The Las Vegas Convention and Visitors Authority voted 11-0 Tuesday to oppose a trademark application by an Illinois woman who wants to sell shirts at the Kentucky Derby.

The shirts, which would read "What happens at Derby stays at Derby," are too close for the comfort of tourism boosters who zealously guard the popular, and protected, "What happens here, stays here" slogan.

But the most recent dispute prompted discussion among tourism officials, who are fighting at least six similar battles over the slogan, about whether some trademark protection victories are worth the cost of the fight.

"This is not going to be the last of these," said Oscar Goodman, mayor of Las Vegas and chairman of the convention authority's board of directors, of the Derby application. "If it doesn't hurt us, I'm not sure we want to spend the money to stop it."

Legal wrangling over trademarked Las Vegas phrases in the six cases, including one in which the authority is a defendant, have cost $732,123 to date.

At issue Tuesday was a May 2006 application by Michaelle Latas-Wisniewski of Chicago to the U.S. Patent and Trademark Office. The application seeks to trademark the phrase "What happens at Derby Stays at Derby!" for use on hats, T-shirts and novelty buttons, according to a filing by Latas-Wisniewski.

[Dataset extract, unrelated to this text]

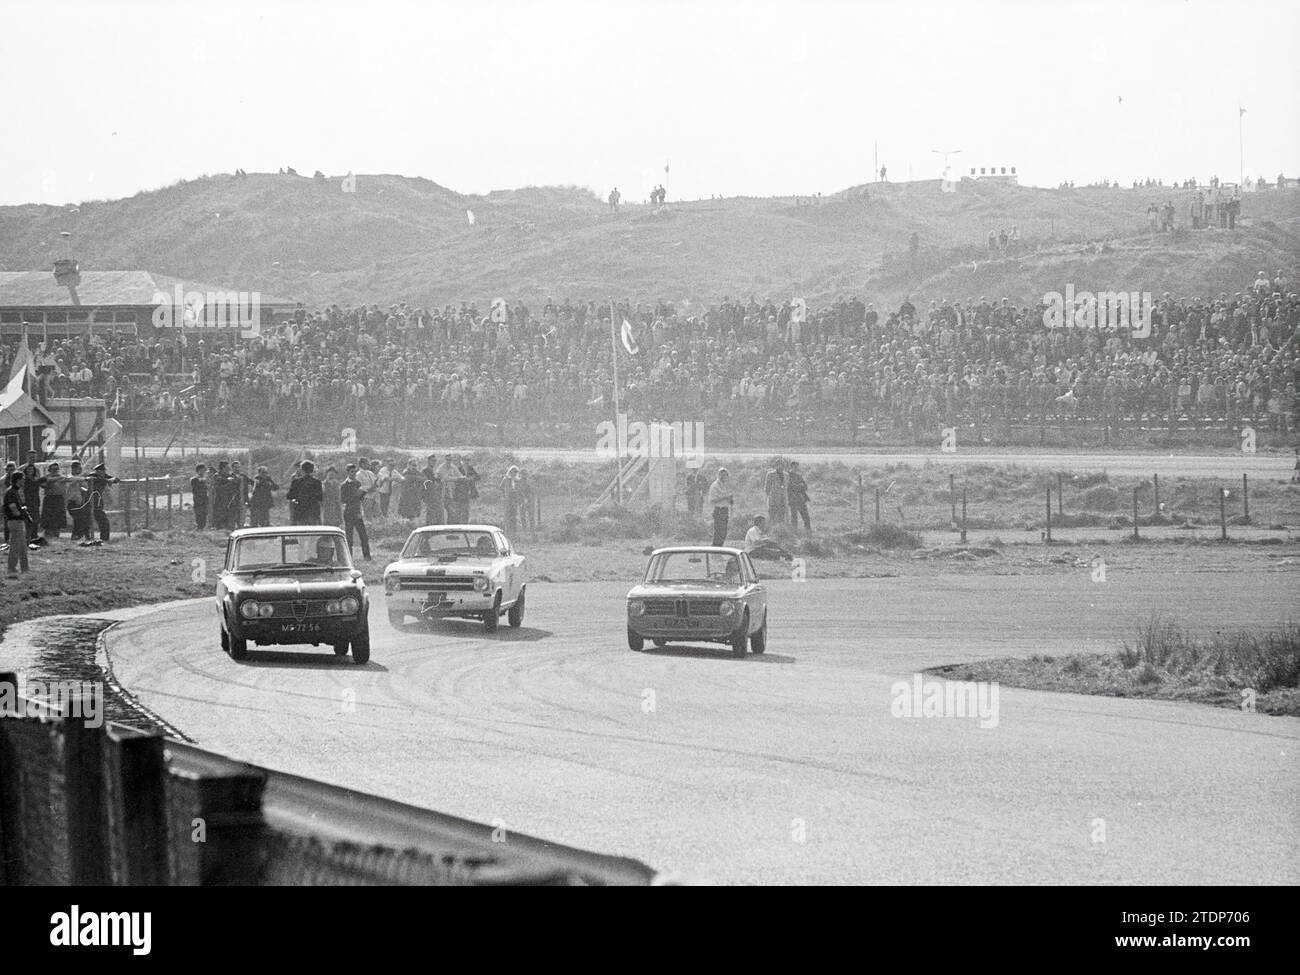 Car racing Circuit Zandvoort, Zandvoort, Whizgle News from the Past, Tailored for the Future. Explore historical narratives, Dutch The Netherlands agency image with a modern perspective, bridging the gap between yesterday's events and tomorrow's insights. A timeless journey shaping the stories that shape our future Stock Photo
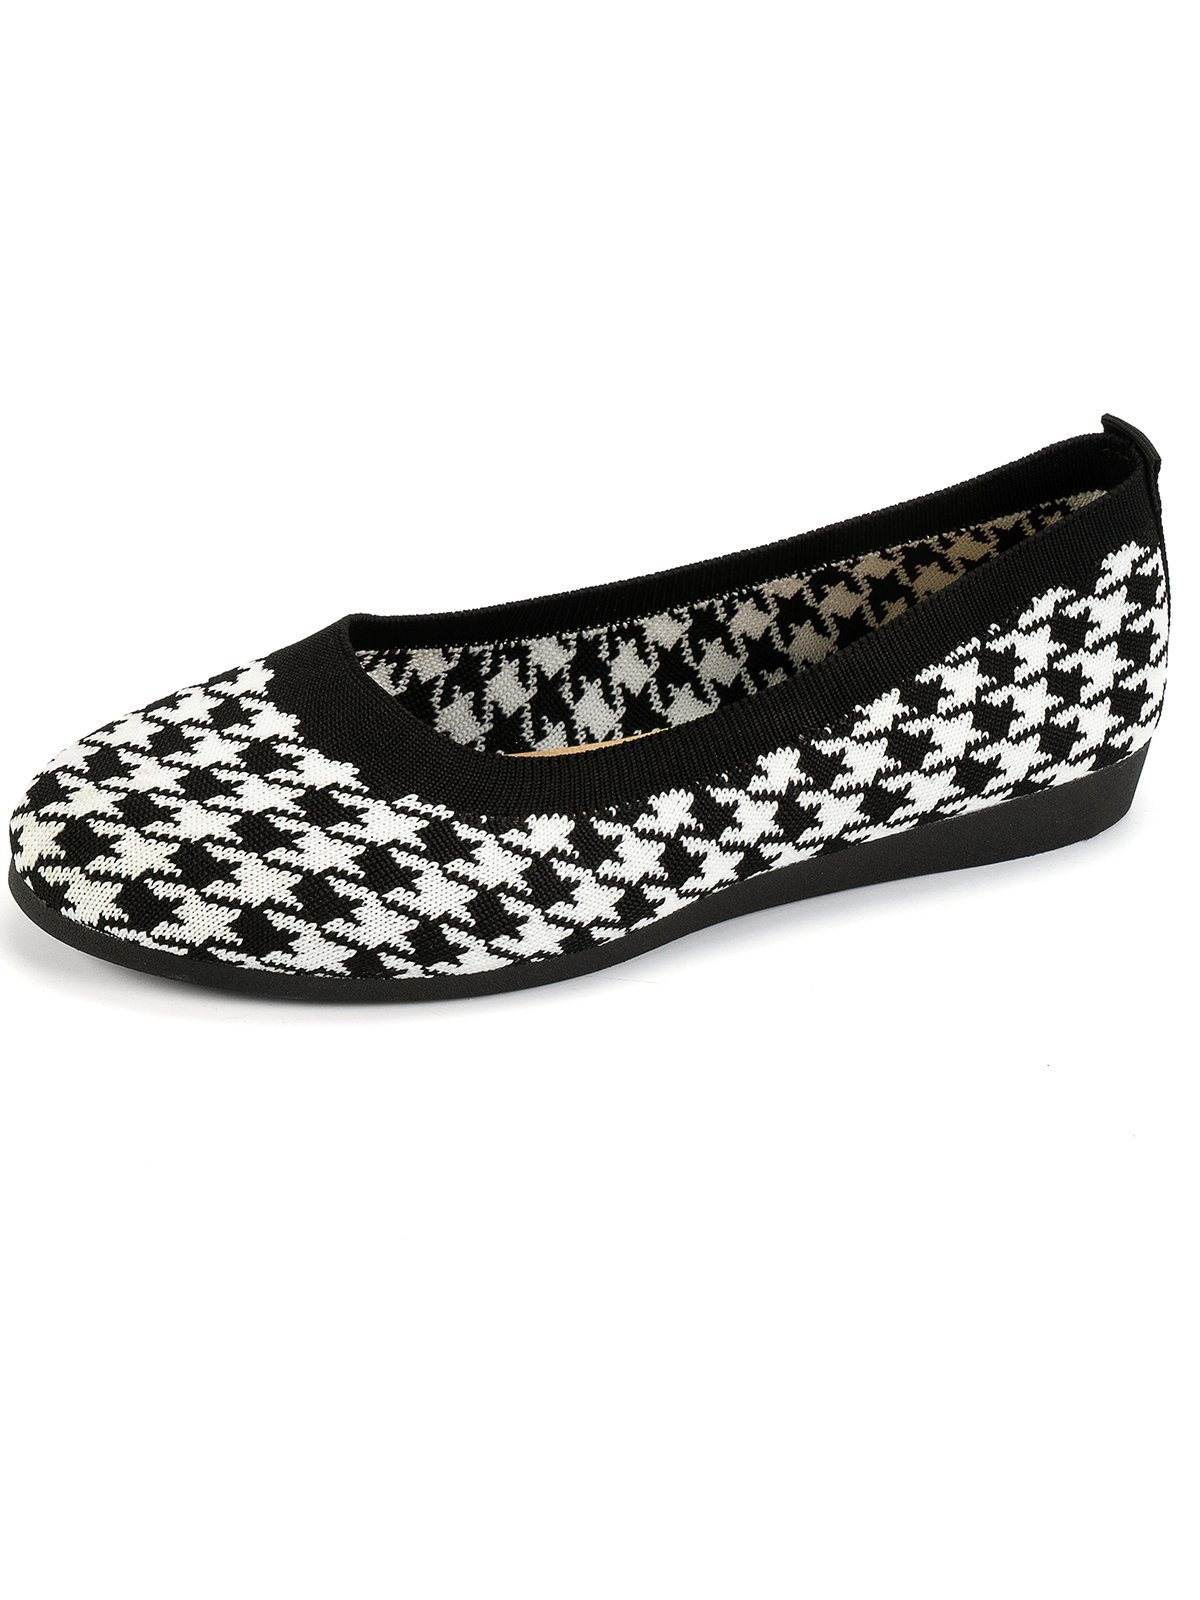 Casual Houndstooth Breathable Slip On Flat Heel Shallow Shoes

Neither Latas-Wisniewski nor the attorney listed on the application returned a call for comment.

Luke Puschnig, the visitors authority's legal counsel, said the Derby phrase infringes on the tourism group's trademarked phrase, which is attributed with helping to make Las Vegas one of country's the most recognized brands.

"We believe it will create confusion in the marketplace," Puschnig told the authority board.

The Las Vegas phrase made its debut in 2002 and since then more than $131 million has been spent marketing it as a catchy slogan to attract visitors to Southern Nevada, where tourism is a nearly $40 billion annual industry.

But protecting the phrases hasn't been cheap.

A dispute with a California woman, scheduled to go before a judge in Reno April 18, has already cost the authority $623,283.

Last year a judge stopped the woman, Dorothy Tovar of Placerville, Calif., in her attempt to use the phrase "What happens in Vegas, stays in Vegas," on souvenir clothing, including underwear.

"I don't want to be monitoring underwear for the next several years," Goodman said.

The court date next week in Reno is regarding whether Tovar will owe the authority damages over the dispute. The cost of the legal fight rankled authority members who took umbrage with Tovar's use of the phrase and the costly battle.

"Put to a vote, I wouldn't give her a cent," Goodman said.

In another recent dispute, the authority voted to challenge a trademark application by a software company seeking to use the phrase "Only in Vegas," for a video game. The authority argued the video game title would infringe on its trademarked phrase, "Only Vegas."

Puschnig said ignoring trademark applications, even if they seem benign, could be dangerous.

That's because inaction in one case could be used against the authority in future cases, which could dilute the value of trademarked phrase, Puschnig said.

"If we don't fight this one, our argument to dispute dilution may be compromised," he said.